Researchers found, for example, that, while the Temple of Bel had been blown to smithereens, large fragments of the Temple of Baalshamin and the columns of Zenobia remain, allowing for the possibility of conservation. Early this year, the archaeological institute, which co-organised and funded the expedition, plans to present a virtual model of the reconstructed columns of Zenobia based on information gathered in Palmyra.
Russian archaeologists have been criticised for their work in Syria, which some view as an effort to put a palatable spin on Russia’s military involvement in the country. As we went to press, Russian state news agencies reported that Syrian troops were preparing to launch a counter-offensive in Palmyra with Russian support. But Piotrovsky has maintained that, while Russia has unique access to these sites—“our military allowed our drones to fly”, he says—reconstruction would be a joint effort. He says the team plans to deliver its findings to Syria’s Ministry of Culture and Unesco.
Military escort Accompanied by a Russian military escort and wearing bulletproof vests, the Russian team made their way through the largely abandoned city of Palmyra in early September. They used drones provided by GeoScan, a St Petersburg-based company, to take aerial photographs of the entire 13-sq.-km territory. In order to capture both an overall snapshot and fine details, the drones shot images at three different altitudes.

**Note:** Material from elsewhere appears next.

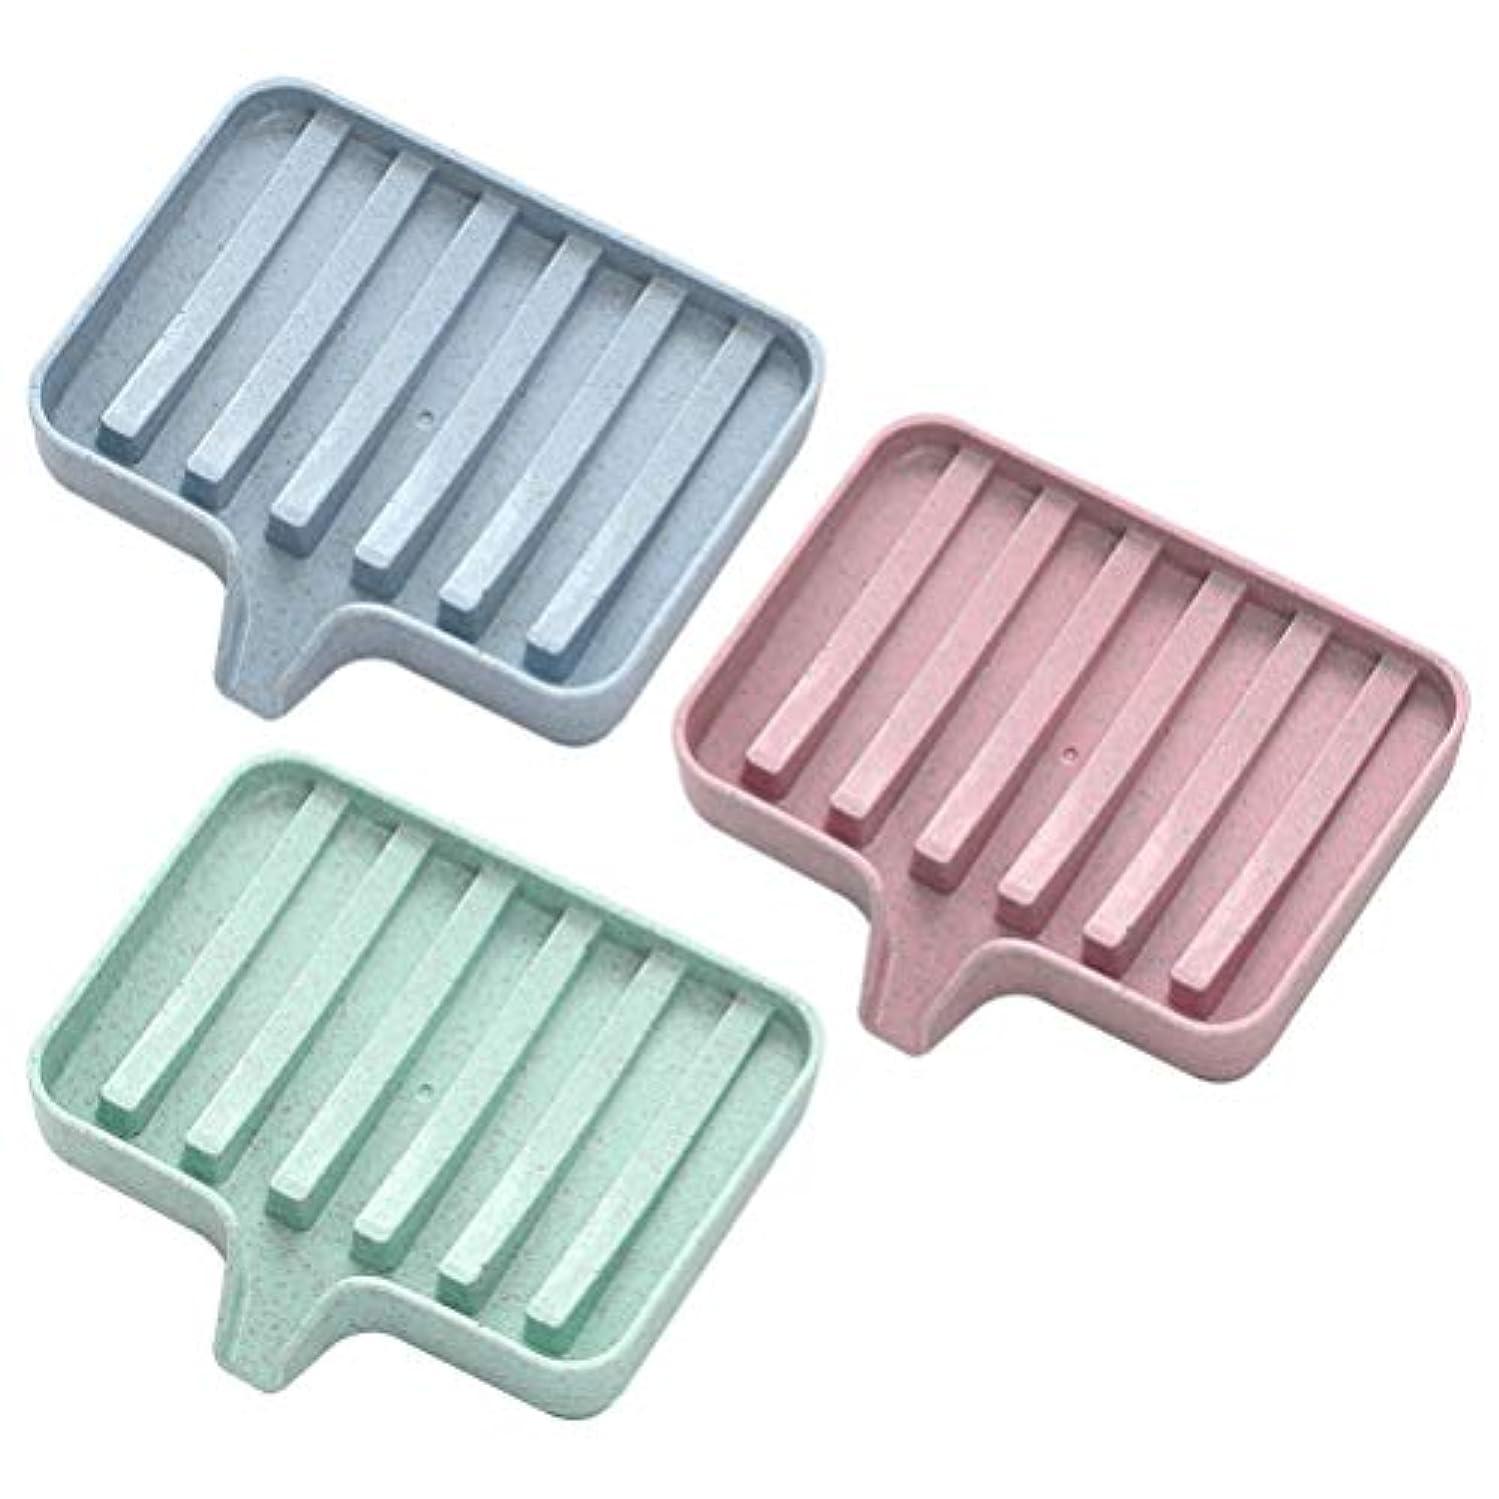 報酬シールド受動的ROSENICE ソリッドカラーソープディッシュソープボックスホルダードレイン3pcs(ピンク+グリーン+ブルー)
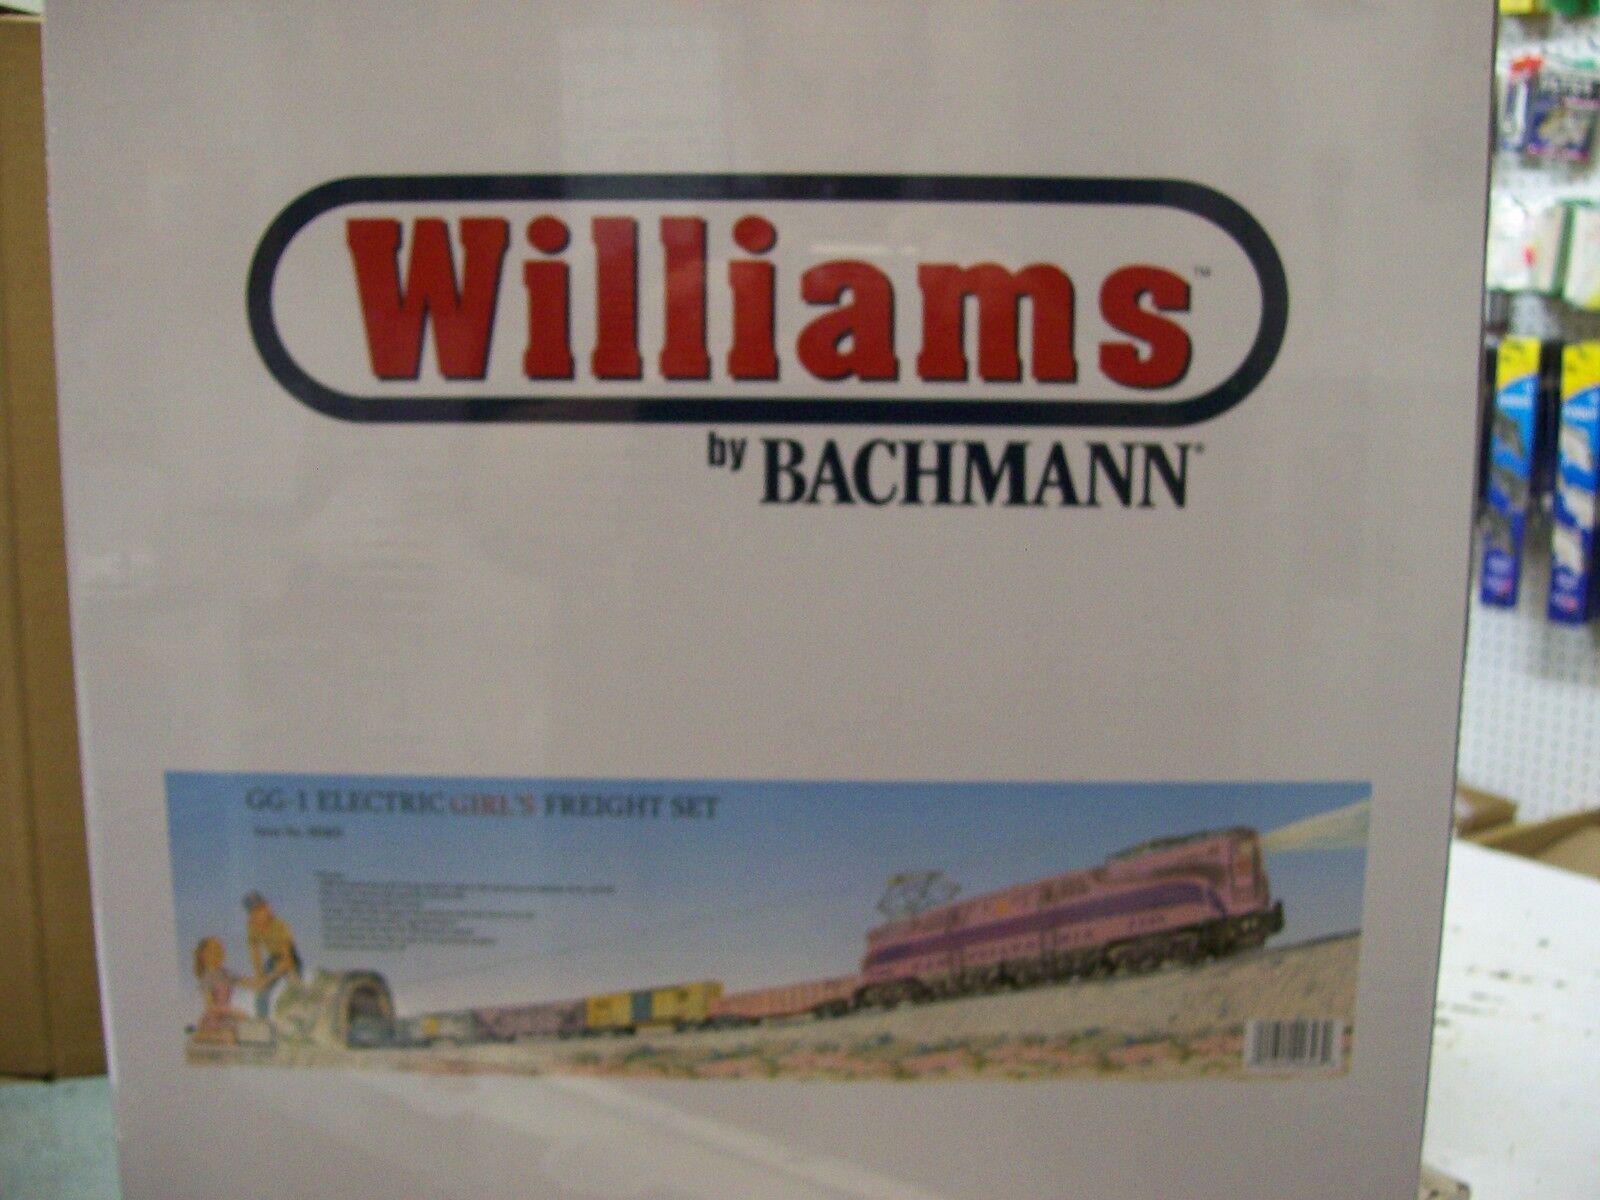 Williams GG1 Girls Freight Train Set Factory Sealed w  Shipping autoton Molto raro

Every object that is 3cm or larger is represented in the photographs, Solovyova says.
Armed with tens of millions of co-ordinates, as well as photographs taken on the ground, the team hopes to construct an interactive 3D rendering of the site. Solovyova estimates it will take around a year to process the information. The images also offer detailed clues about illegal digs, an issue that has become more pressing after looted relics from Palmyra were seized at a Geneva freeport last month.
Outside Russia, the mission has divided experts. “A complete 3D model of the ruins of Palmyra will certainly help in creating programmes for conservation, if prepared in high resolution and based on actual footage,” says Tomasz Waliszewski, the director of the Polish Centre of Mediterranean Archaeology at the University of Warsaw. (Polish archaeologists have worked in Palmyra for decades; last spring, they helped evacuate objects from Palmyra’s museum.) But Waliszewski also emphasised the need to consolidate international research on Palmyra, including an earlier effort to scan monuments by the Japanese archaeologist Kiyohide Saito.
Others maintain that archaeologists should not be interfering in an active war zone. “I’m not sure what the Russians… would like to do, or think they should be doing,” Amr Al Azm, an associate professor of Middle Eastern history and anthropology at Shawnee State University in Ohio, told us in November. Al Azm is a member of the Syrian opposition who, until 2004, led the conservation laboratories at Syria’s General Department of Antiquities and Museums.
For her part, Solovyova says her institute has no further plans to work in Palmyra and that restoration will not begin “until peace arrives”—whenever that may be. But she insists that the snapshot of the site will be essential to future reconstruction. “It will be possible… for specialists, politicians, diplomats, restorers and Unesco representatives to sit down with the Syrian government and discuss what can be done and how to do it using our model. That’s what it was created for.”
Piotrovsky says: “Archaeologists cannot fight, but during each respite [from military operations] they selflessly do their part, the work of preserving what we have—historical memory.”